==== Raw data ====
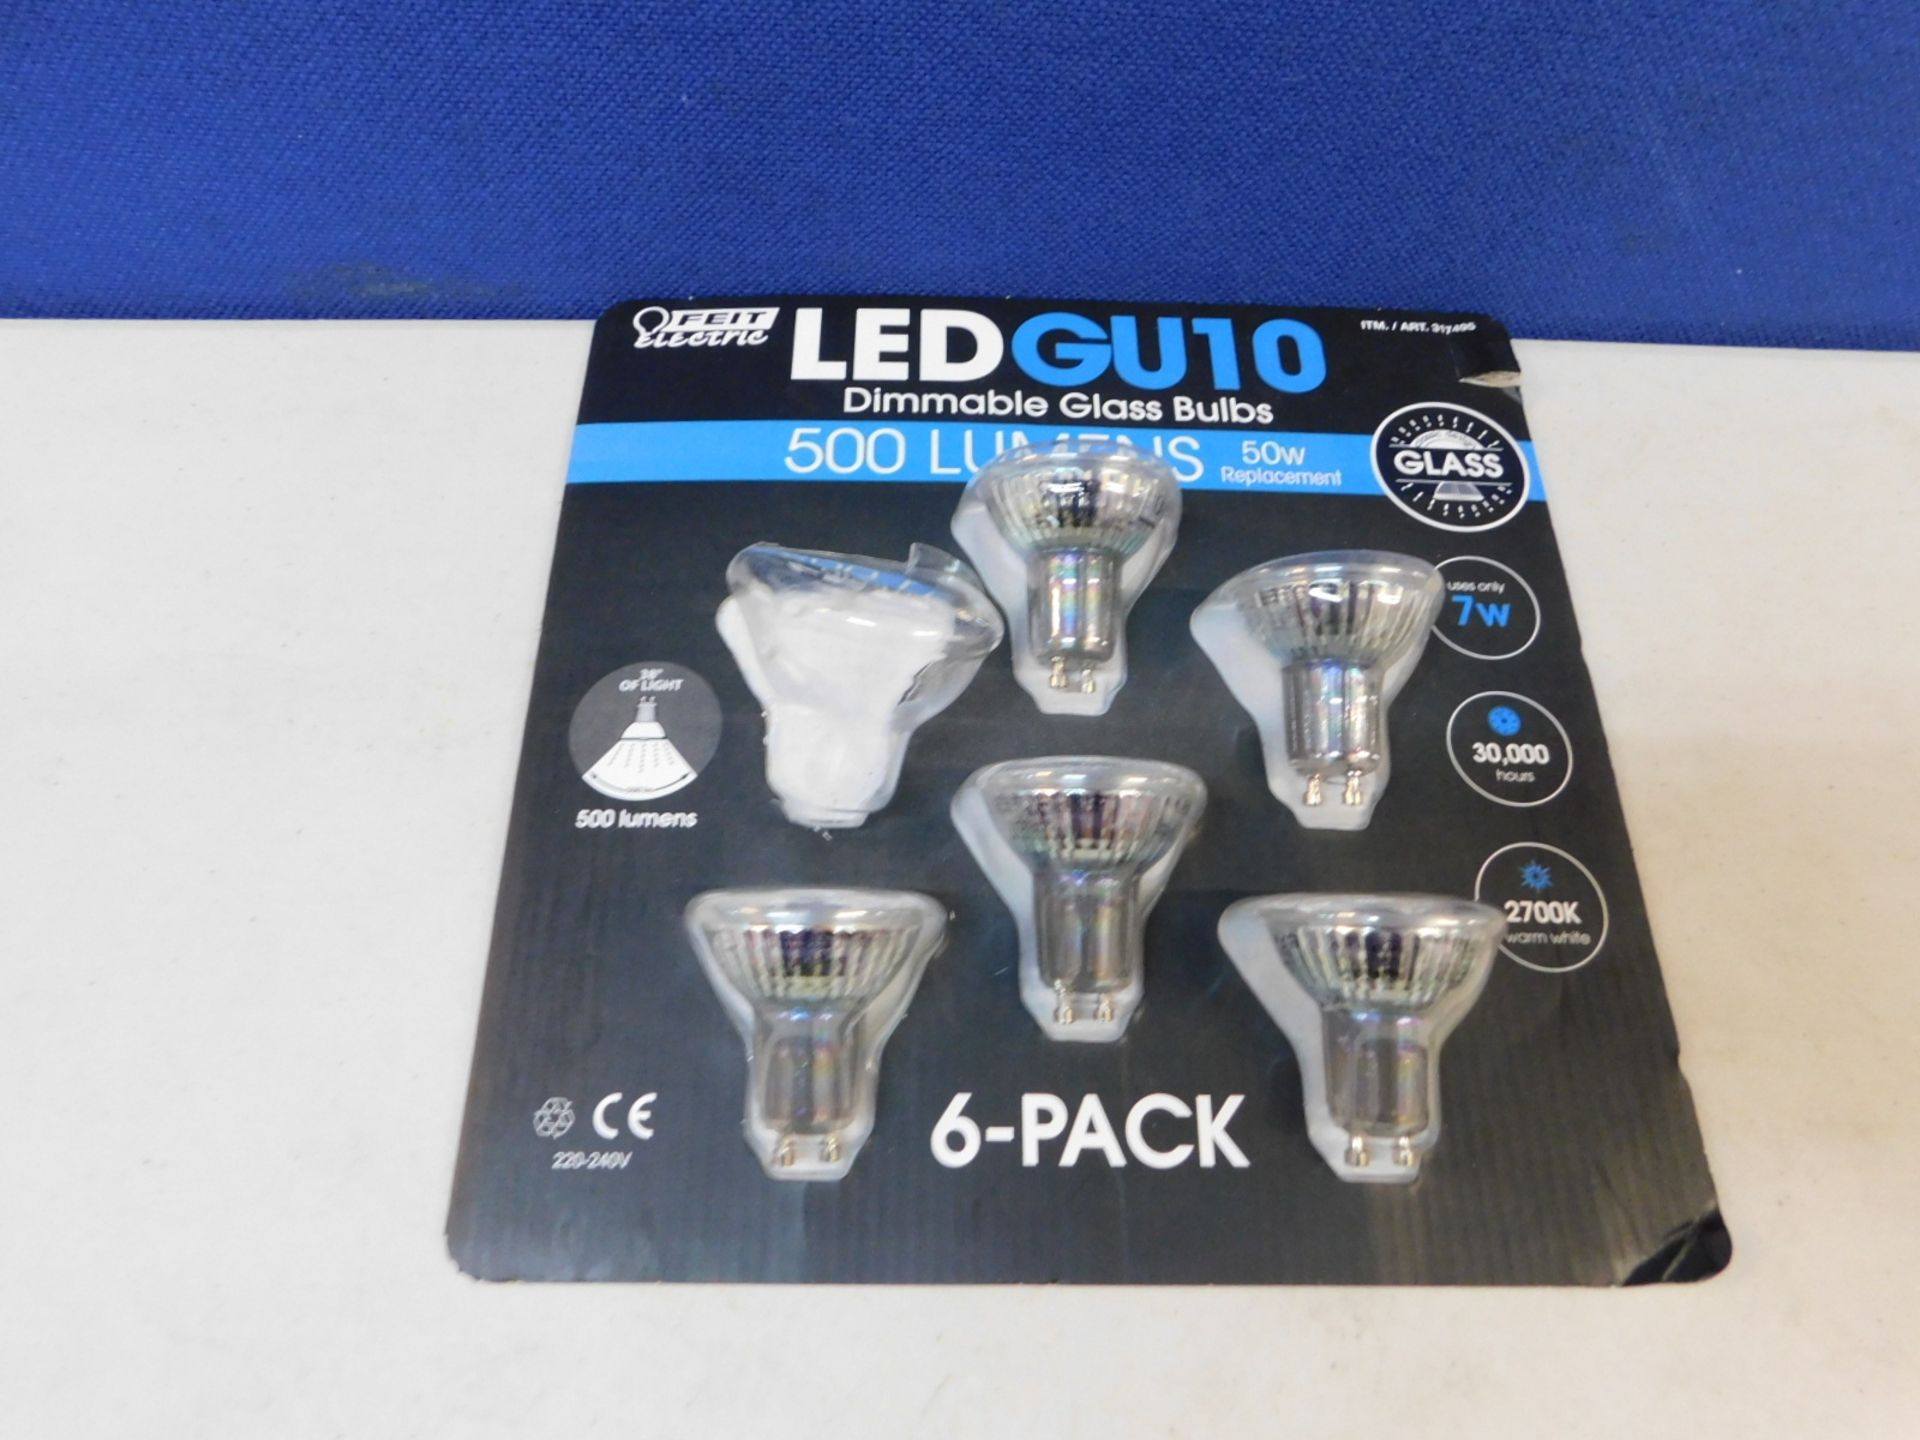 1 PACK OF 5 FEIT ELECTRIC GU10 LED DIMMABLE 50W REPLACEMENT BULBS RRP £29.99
====
==== Raw data ====
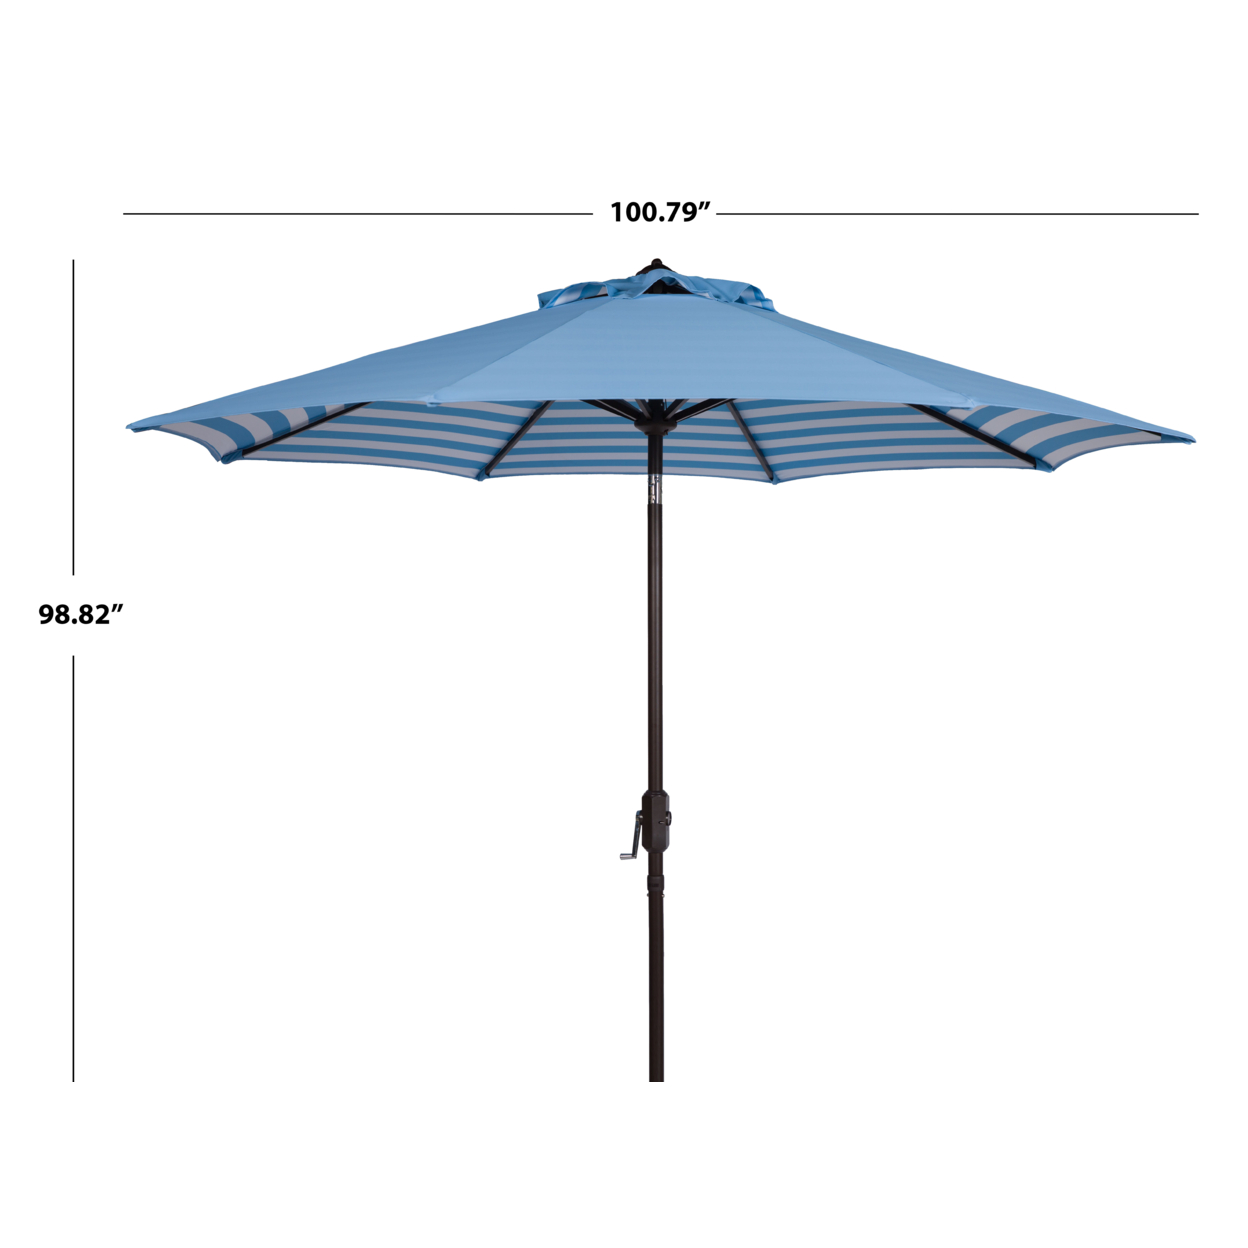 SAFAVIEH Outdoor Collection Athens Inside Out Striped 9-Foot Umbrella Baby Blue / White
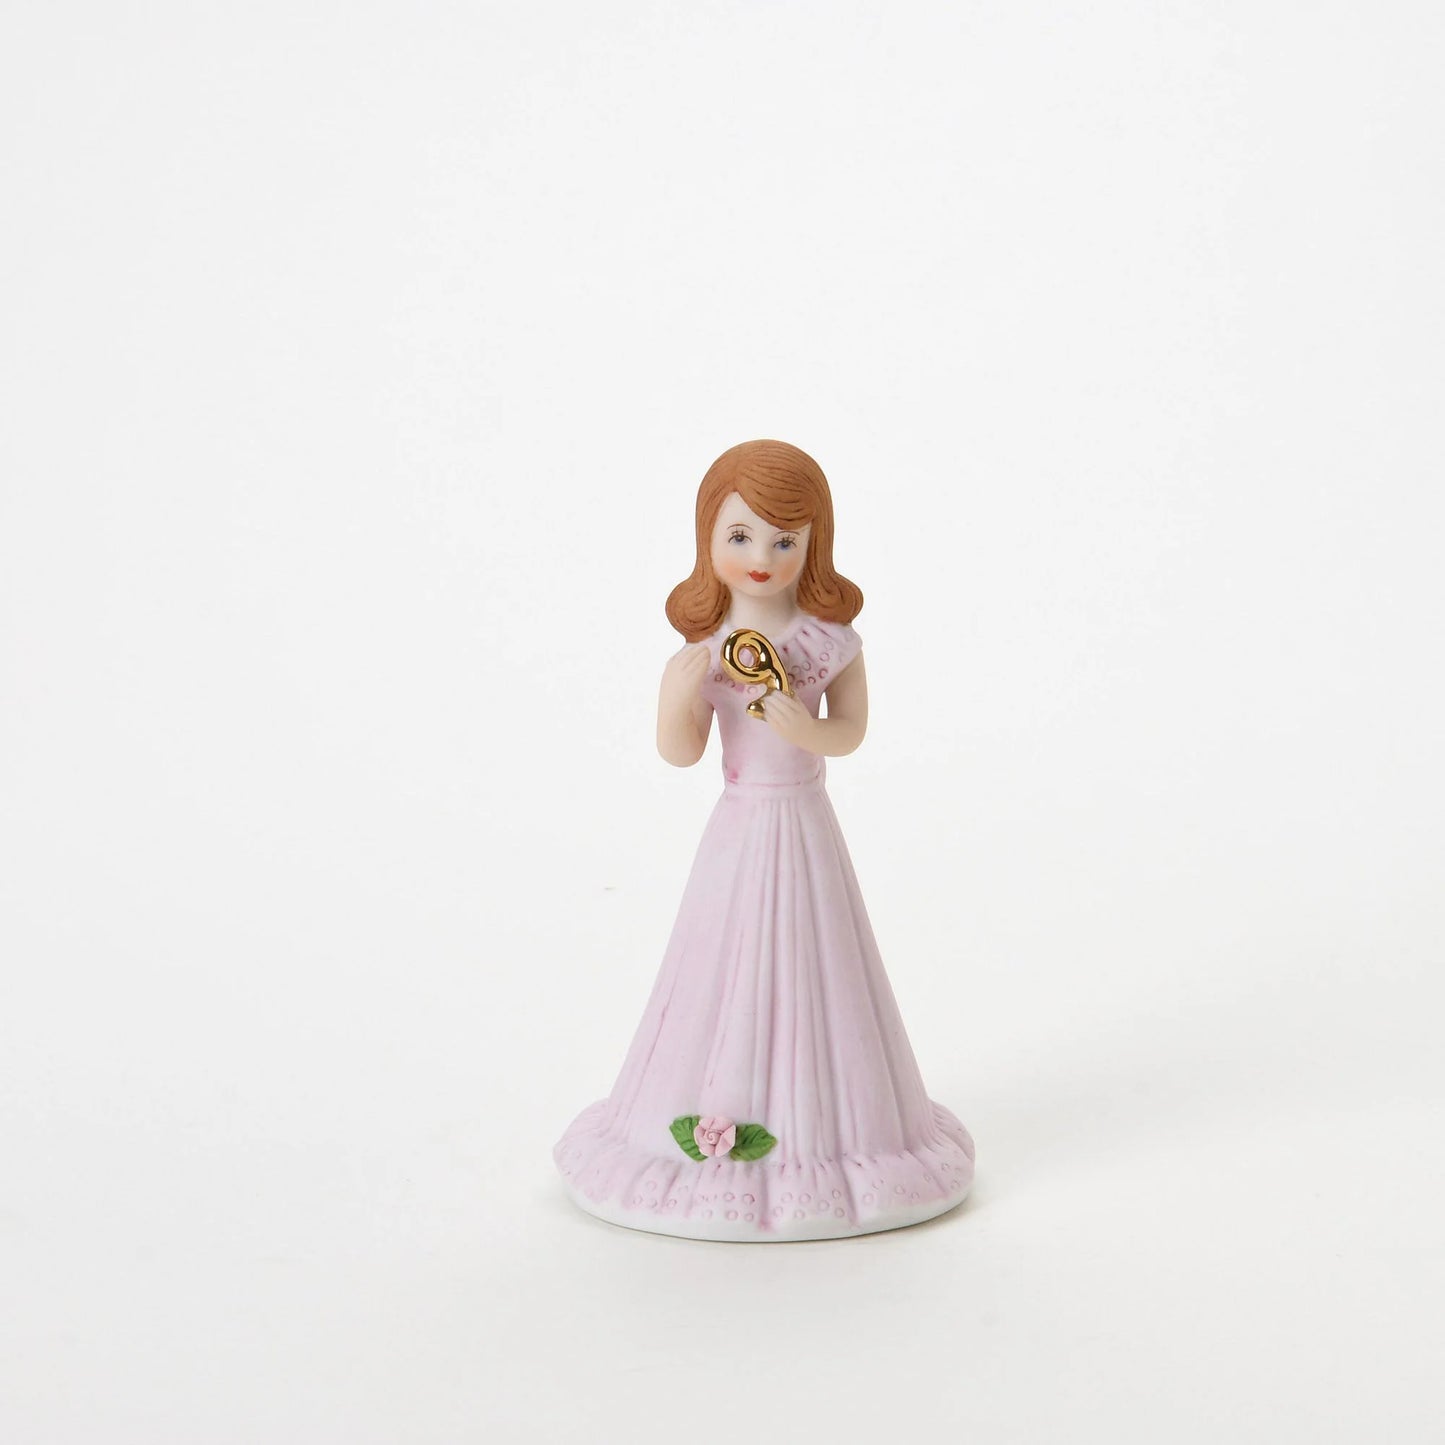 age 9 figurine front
====
==== Raw data ====
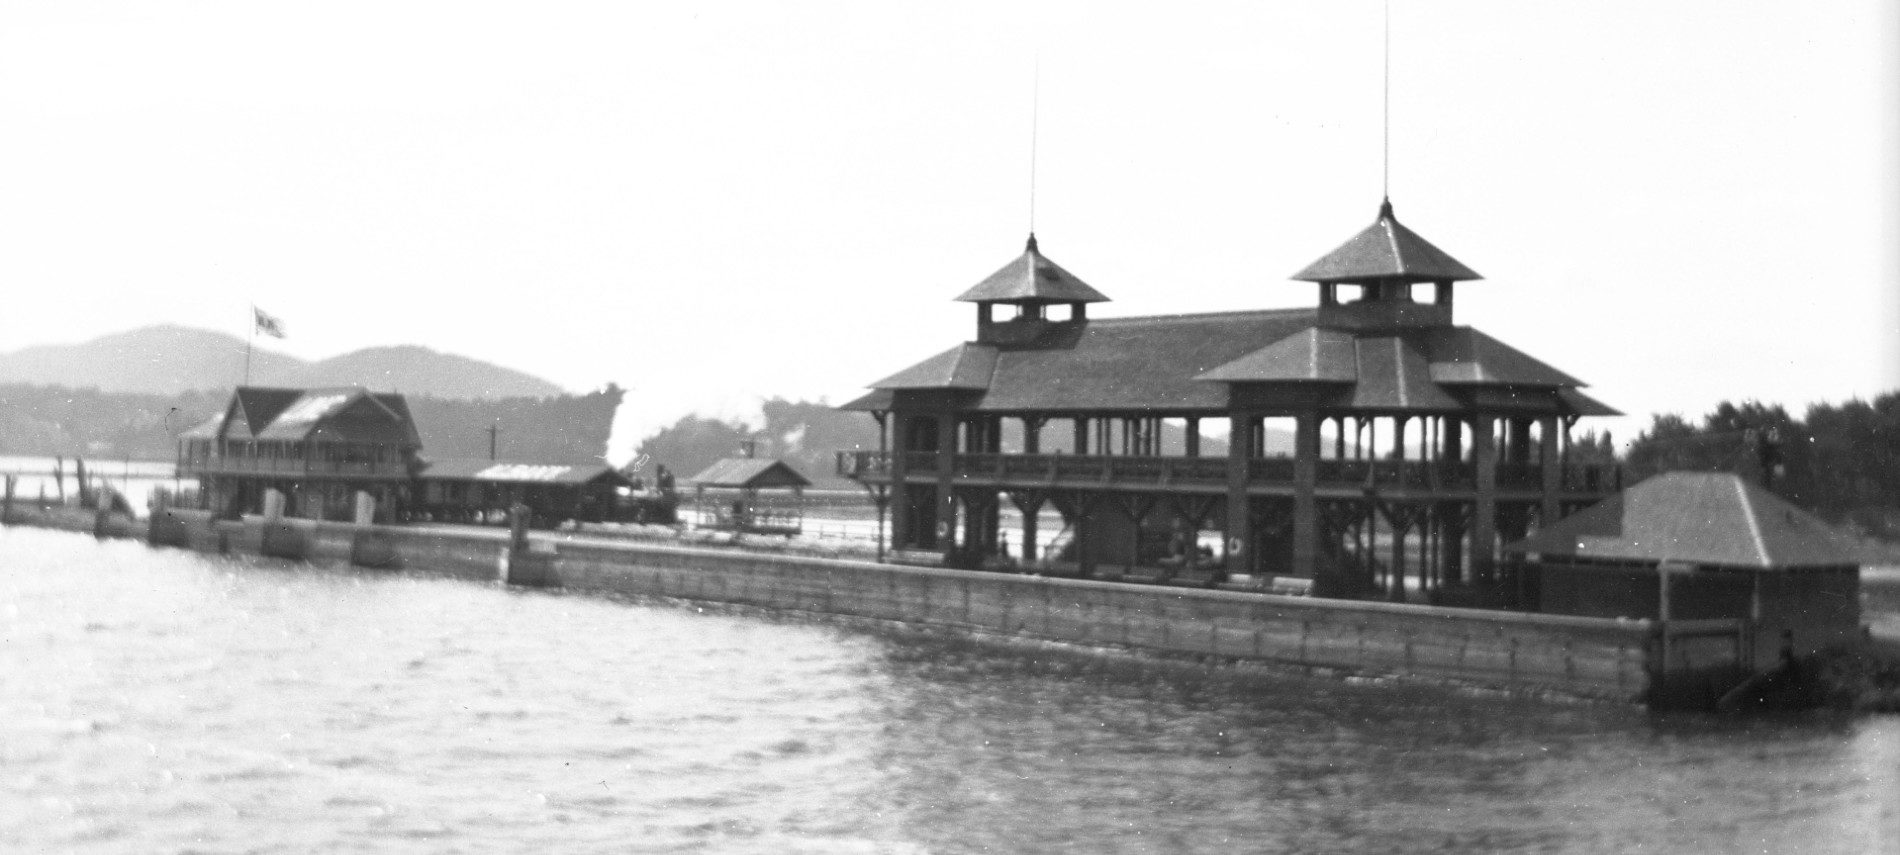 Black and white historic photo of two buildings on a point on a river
====
--- What to work on ---
I'd like the lines above repeated exactly, from the one that contains "SAFAVIEH Outdoor Collection" through the one that contains "age 9 figurine front", with no pictures.

--- Exercise answer ---
 SAFAVIEH Outdoor Collection Athens Inside Out Striped 9-Foot Umbrella Baby Blue / White
 age 9 figurine front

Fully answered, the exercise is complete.